Я присела на краешек кровати, не в силах произнести ни слова.

– Тебя ждет другая?

– Меня ждет неизбежность наказания за то, о чем я не жалею.

– Наказание?

– Тюрьма… Может быть, казнь… Не бойся за меня, малыш, я держу удар!

Я была рядом, неудобно пристроившись на жестком больничном матраце. Целовала влажные от пота и боли волосы, глотая слезы ужаса.

– А если боишься, тогда молись… Ты знаешь, я не умею молиться, я здесь вообще не по этой части… Я больше не верю богам.

– Почему? – шепчу сквозь слезы на ухо.

– Потому что я верю в себя! Я сам себе бог… И сам себе демон. Я знаю, куда я иду, моя дорога открывается под моими ногами. Но если ты боишься, то молись за меня, ты же у меня умница, ты знаешь латынь: «Domine ad adjuvandum me festina…»12 Молись за меня Гунтрамну-Ворону, покровителю убийц…
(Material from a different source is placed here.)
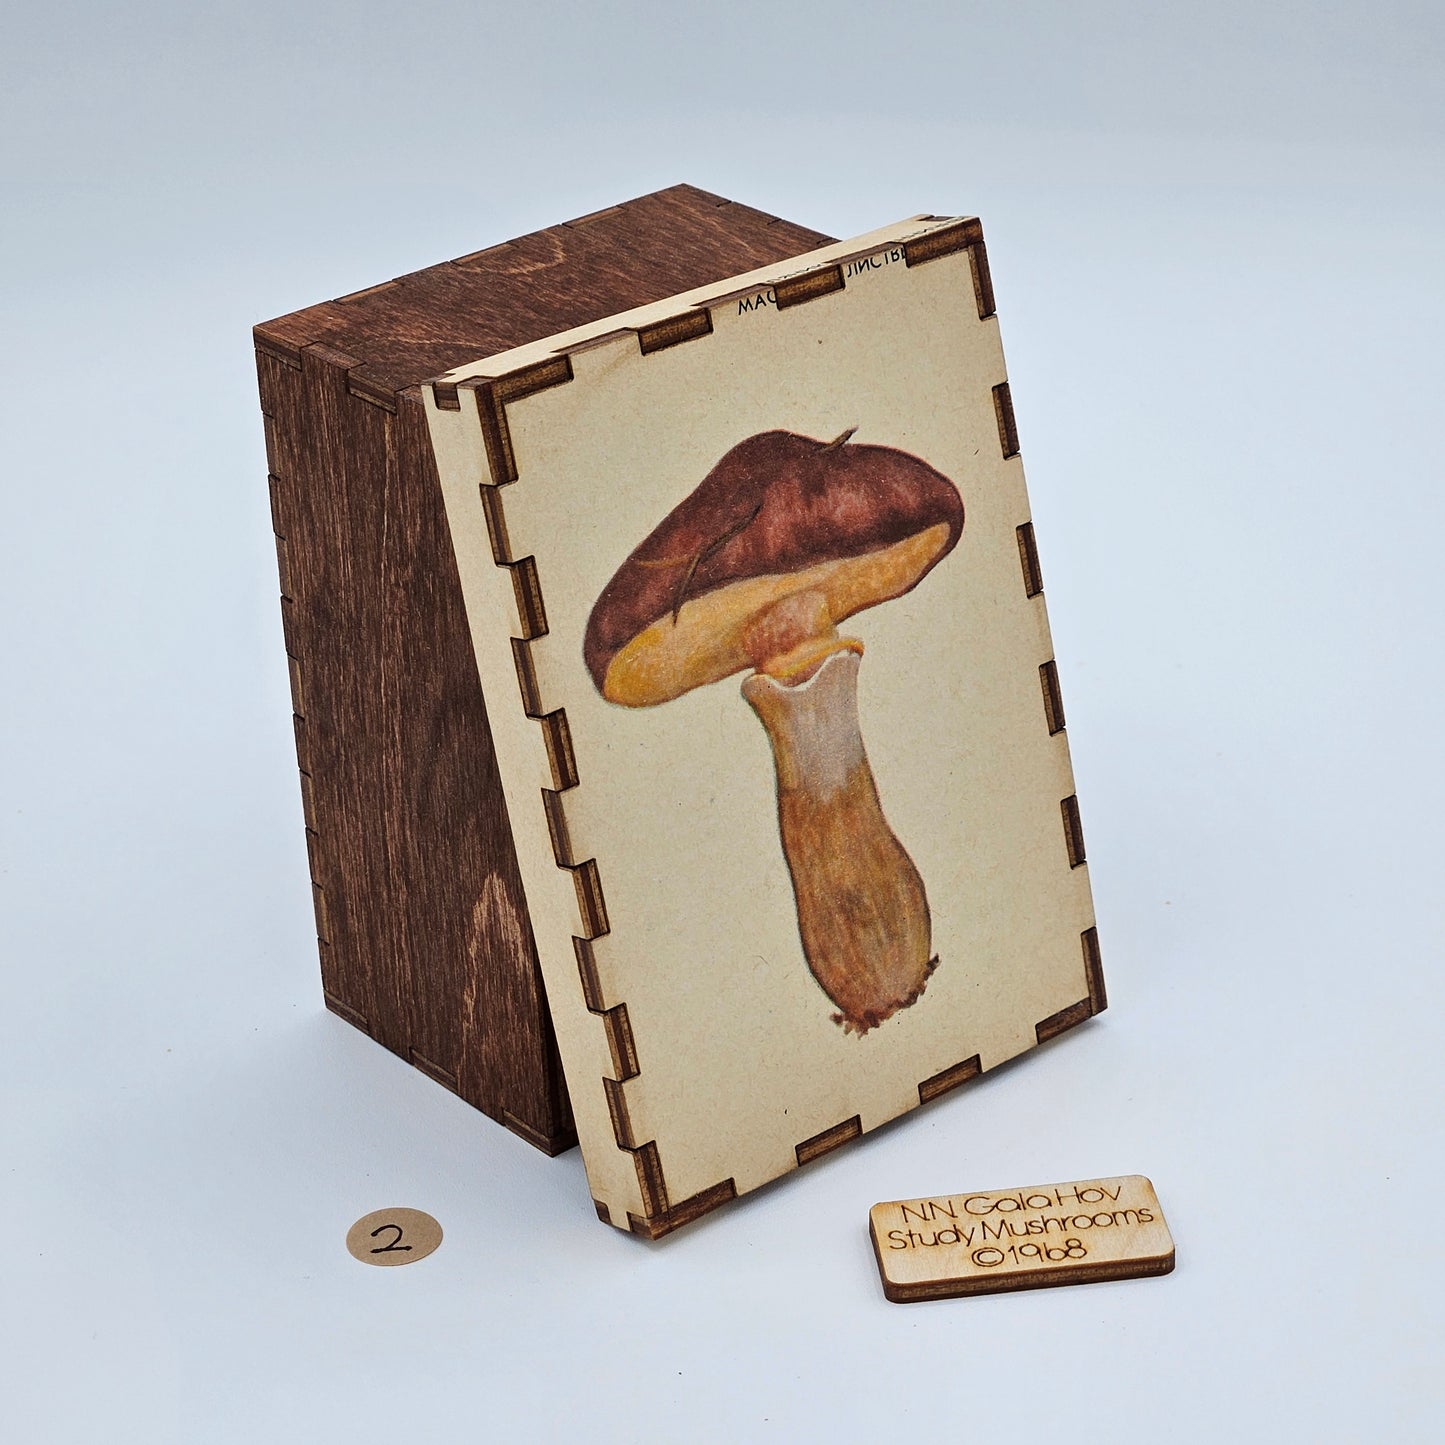 1968 "Study Mushrooms" Story Boxes

– Знаешь, – шепчу, – скифские девушки не могли выйти замуж до тех пор, пока не добудут в бою череп врага, чтобы приготовить из него кубок и преподнести мужу на свадьбе…

– Враги не при чем, малыш. Просто пришло время уходить.

Нет, нет, этого не может быть!

– Я принесу тебе череп твоего врага, кем бы он ни был! Тогда ты никогда меня не покинешь и будешь любить меня по-настоящему!

Ты обнял меня и поцеловал в макушку.

– А разве я люблю тебя не по-настоящему?

Но почему, почему же райские яблоки такие горькие?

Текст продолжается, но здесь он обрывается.